12. The method according to any one of claims 9 to 11, further comprising the step

e) digital refocusing or focus variation by means of the two-dimensional and / or three-dimensional and / or volumetric information of the cell determined in step d) along the optical axis of the microscope, the digital refocusing preferably being computer-based and / or numerical.

13. The method according to any one of claims 9 to 12, further comprising the step

f) assignment of the cell to a cell type based vorbe vorbe information and the determined in step d) two-dimensional and / or three-dimensional and / or volumetric information of the cell.

14. A method for assigning a cell to a cell type, comprising a method for determining a zweidimensi onal and / or three-dimensional and / or volumetri's information of the cell according to claim 13, wherein at a first location, the steps a) to d) running the who , and wherein the information obtained in step d) is digitally transmitted to a second location via a network connection, and wherein steps e) and f) are performed at the second location.

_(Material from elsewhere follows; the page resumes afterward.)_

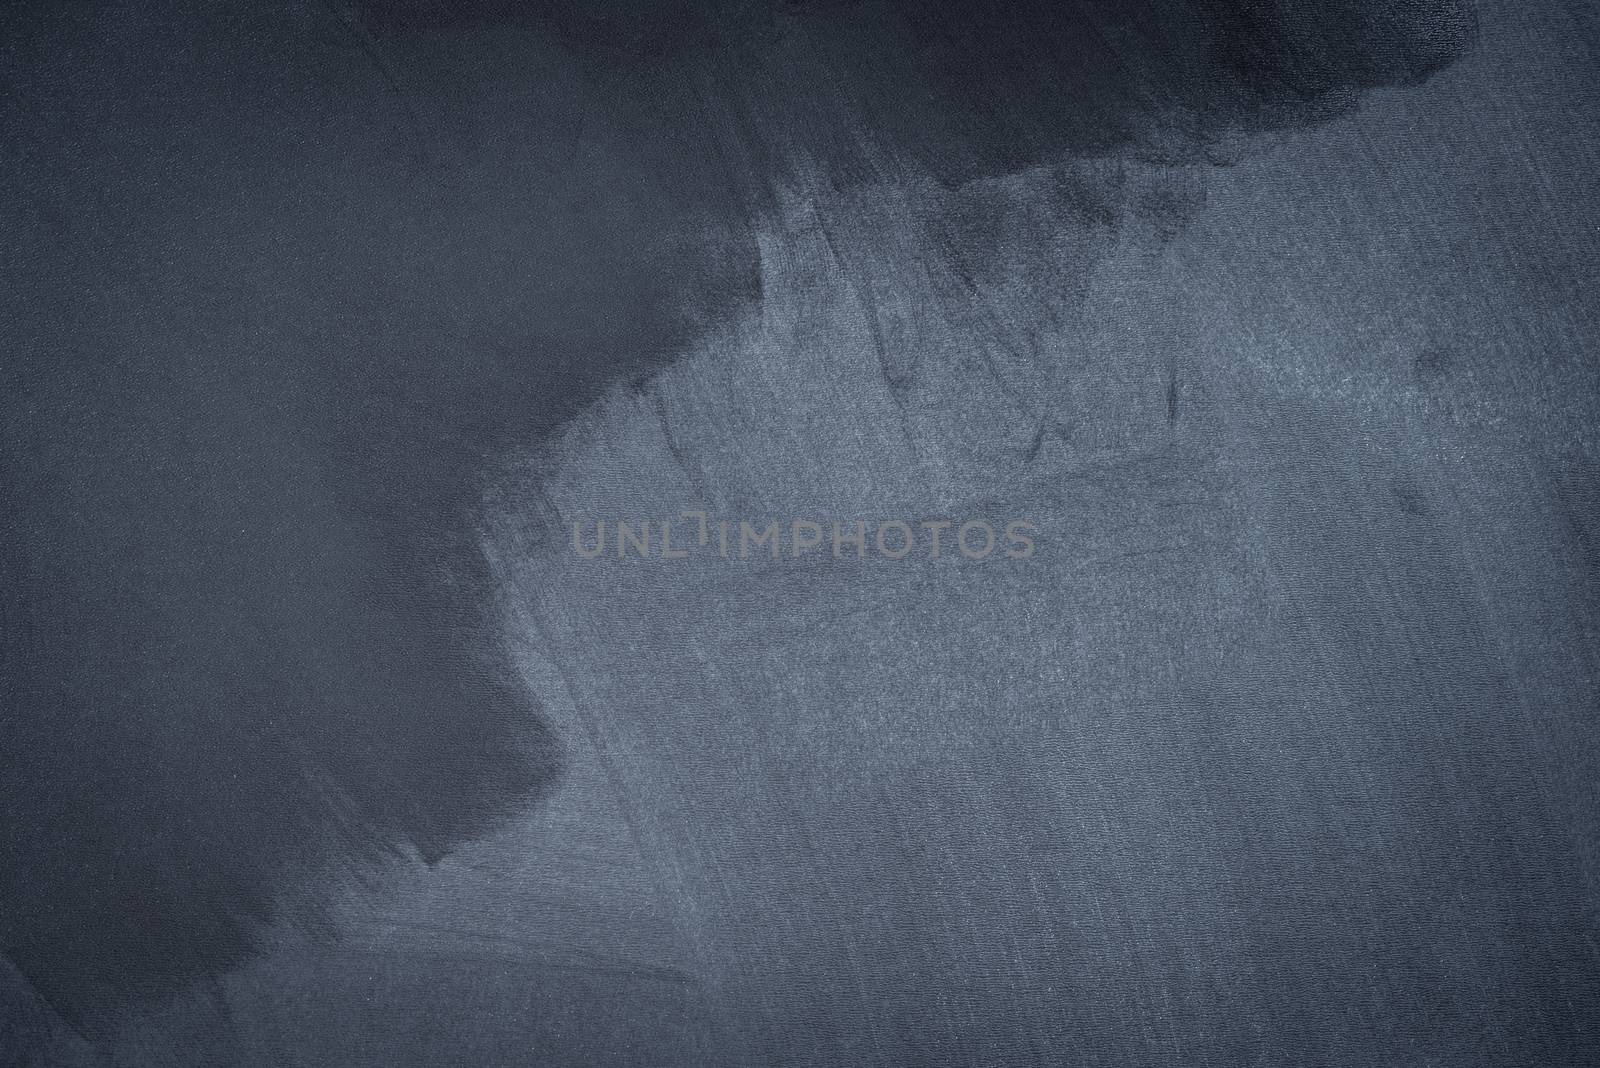 abstract black dirty chalkboard for background

15. A method for digital staining of a cell and / or a medical preparation, the method comprising a method according to any one of claims 9 to 14 and additionally the following steps

g) digitally staining the cell and / or the medicinal preparation according to a predetermined relationship between the two-dimensional and / or three-dimensional and / or volumetric information of the cell and / or the medical preparation and a staining of a corresponding cell and / or medical prepa Council and / or a structure within the cell and / or the medical preparation by means of a Därbepro tokolls,

h) displaying an image of the digitally stained cell and / or the preparation.

16. The method according to claim 15, wherein the staining protocol is the staining protocol May-Grünwald-Giemsa, modified-Wright staining, Wright-Gimsa staining and / or Ro manowsky staining.